CLINE: Well, I hope we don't lose you to philately any time soon. Cornerstone played a showcase at this year's SXSW conference. What was that like? Did you have a good time?

STUART: We had a great time, and we met a lot of wonderful people who had absolutely nothing to do with SXSW. I got to see Junior Brown and drink a lot of blue margaritas so it was worth spending $600 and travelling 3000 miles. What's the word? Oh yes exposure.

CLINE: You once said "the bottom line is we need more and better videos by bluegrass bands." Has Cornerstone made a video?

STUART: Did I say that? God that's boring. No, no, there's no bottom line in bluegrass. Money is usually the bottom line, but we don't even have that. I guess the bottom line in bluegrass is not losing your capo. If I can get through the week without doing that then I consider myself successful. We have no plans to make a video although I did leave my HandyCam running in the back of the van one time.

CLINE: Your song "Twenty Naked Pentecostals In A Pontiac" is something of a legend on BGRASS-L, partly because the inspiration for it came from the List itself, in a posting by one of members who heard the news story over the radio on the way to work. People agreed it'd make a great song, and you took up the challenge. Will you, in your own words, tell us the story of the Twenty Naked Pentecostals?

STUART "Twenty naked Pentecostals in a Pontiac" pretty much sums it up. There was an AP newswire about a year ago. This is a true story. They started out in four cars going from somewhere in Texas to somewhere in Florida and around Vinton, Louisiana, due to breakdowns they all ended up in the same vehicle, and then someone got the brilliant idea that the devil was in their clothes, and before they knew it they were all naked. The arresting officer said they all got out of the car chanting religious slogans. You can look it up. Some things write themselves. The other night after our show I did have someone come up and say she enjoyed it but that she was a Pentecostal. I think she was just looking for an excuse to get naked, but I am more careful about where we play it. It's not a spiteful or dirty song -- it just basically tells the story.

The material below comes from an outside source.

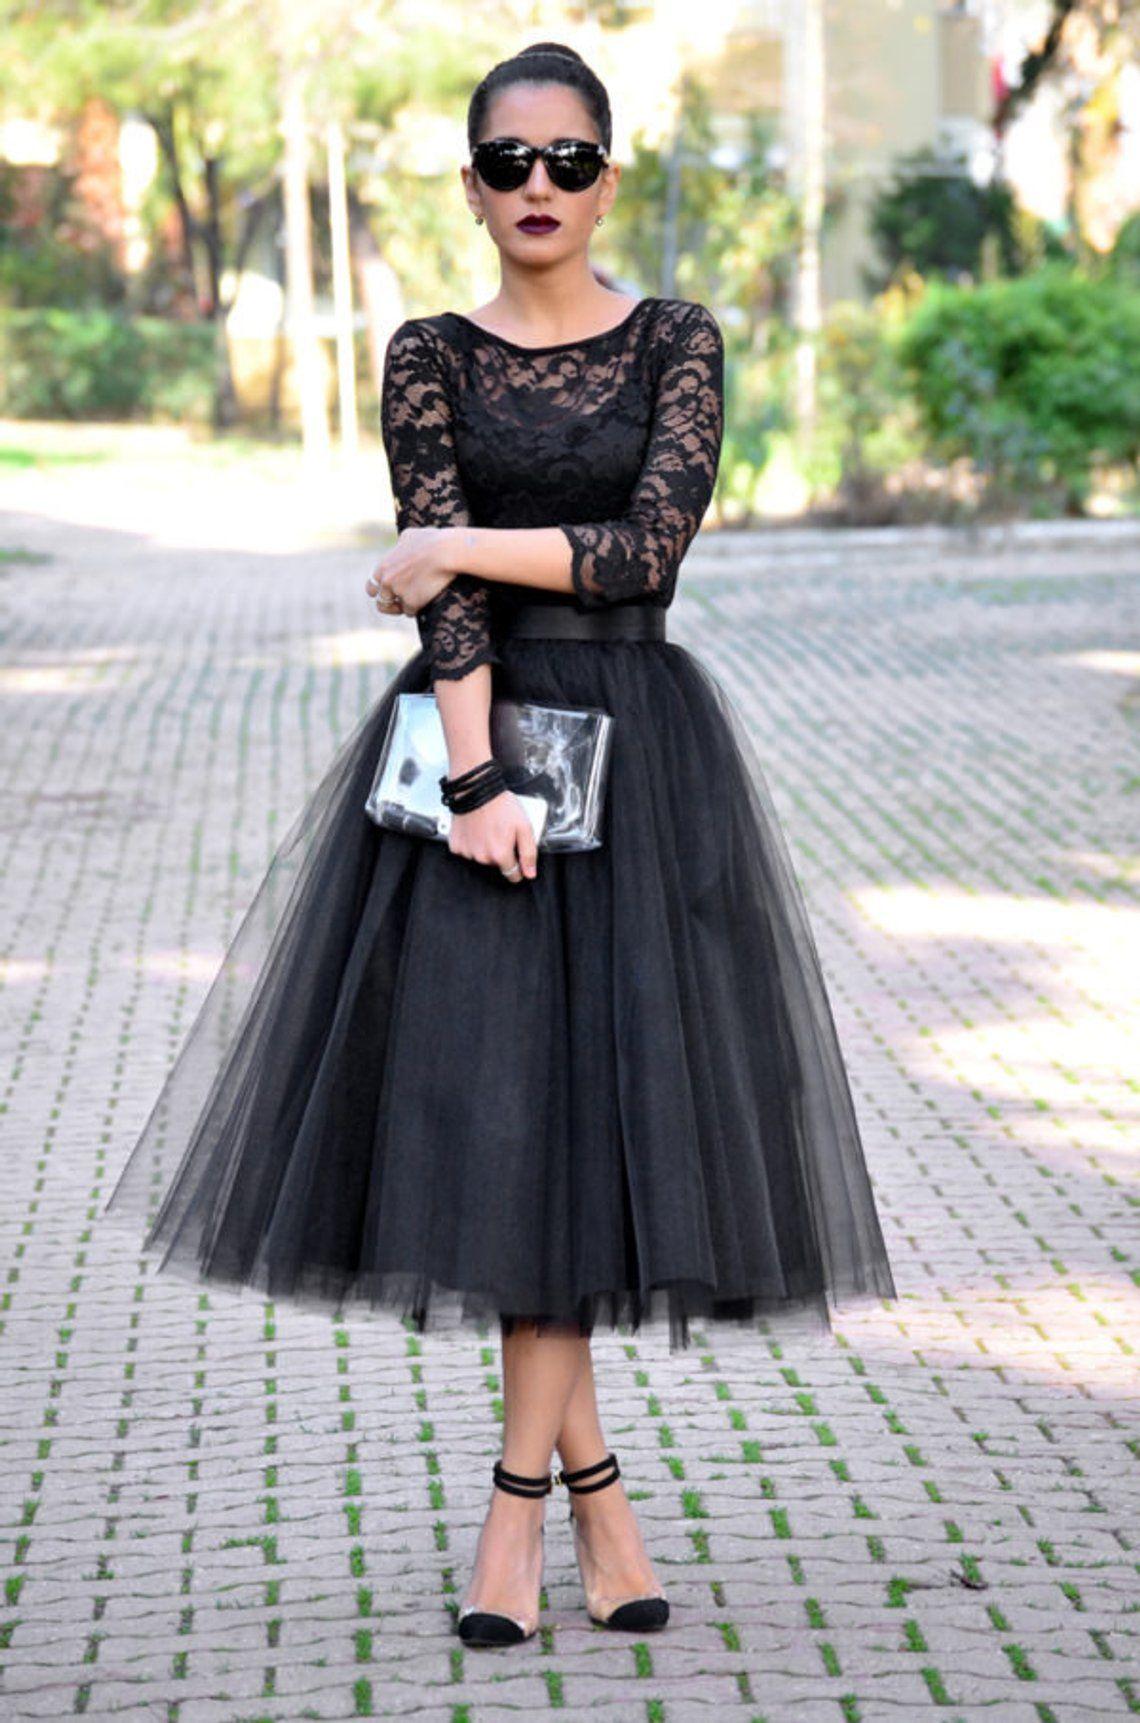 Tea Length Black Tulle Skirt Party Skirt Wedding Skirt Etsy Prom Dresses Long With Sleeves Tulle Prom Dress Prom Dresses With Sleeves [ 1723 x 1140 Pixel ]
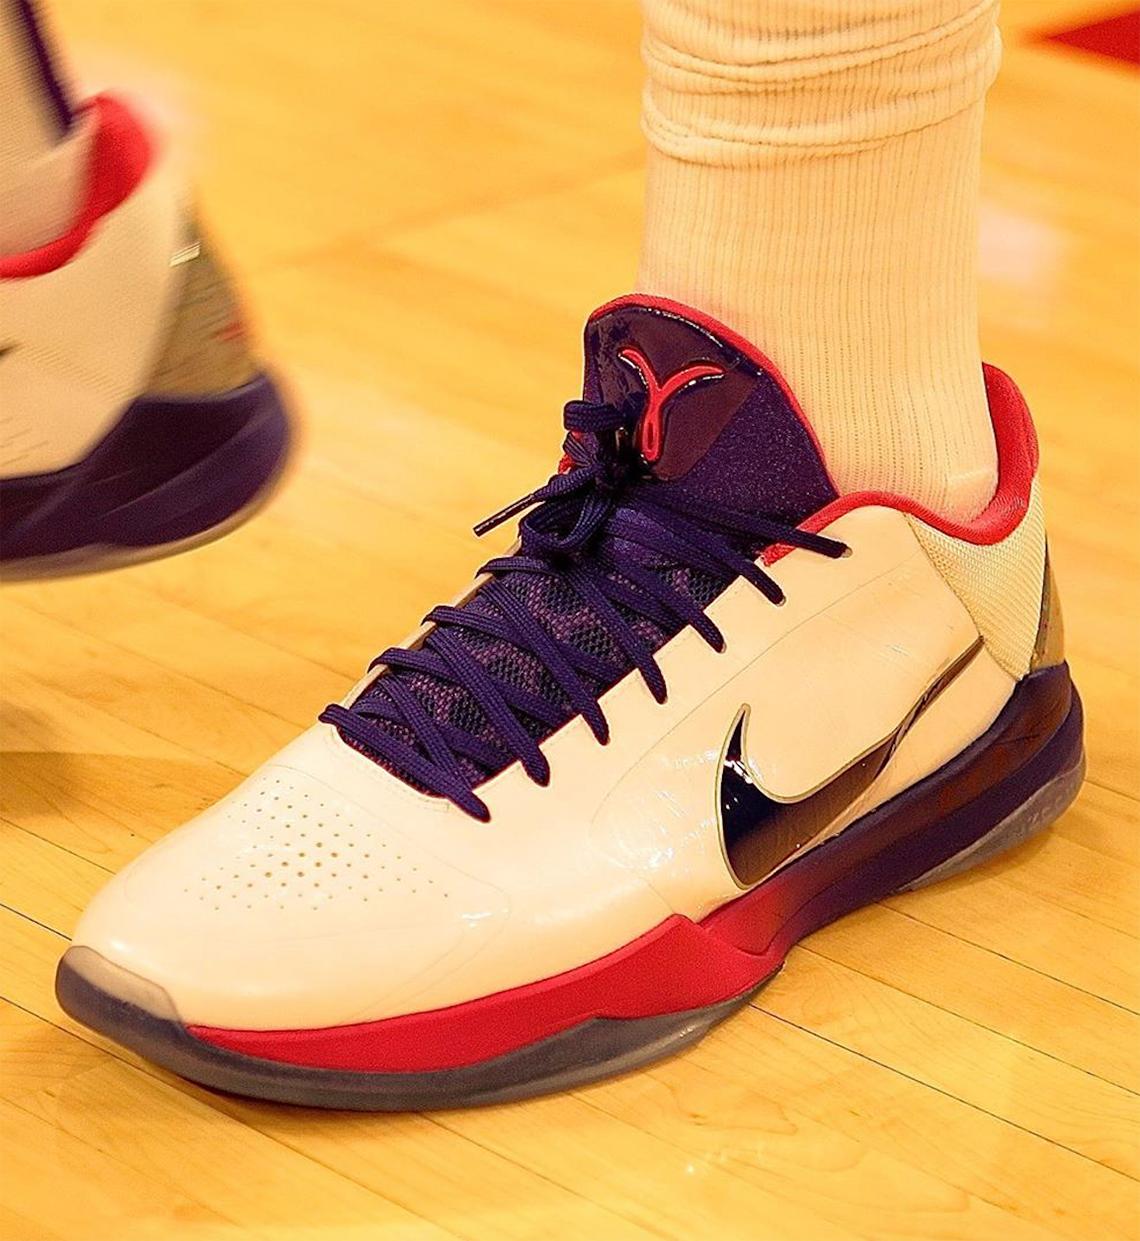 Nike Kobe 5 Protro Kay Yow Release Info

CLINE: Do you plan to record it?

STUART: No. I'm hoping someone in Nashville with incredibly bad taste will record it.

CLINE: What are you and the band up to now? Plans for the future?

STUART: Learning how to play in tune and in time is pretty much the limit of our aspirations. We'll be playing at a lot of festivals in the northeast this summer, so come by and give us the Cornerstone password which is "Buck Owens Rules!"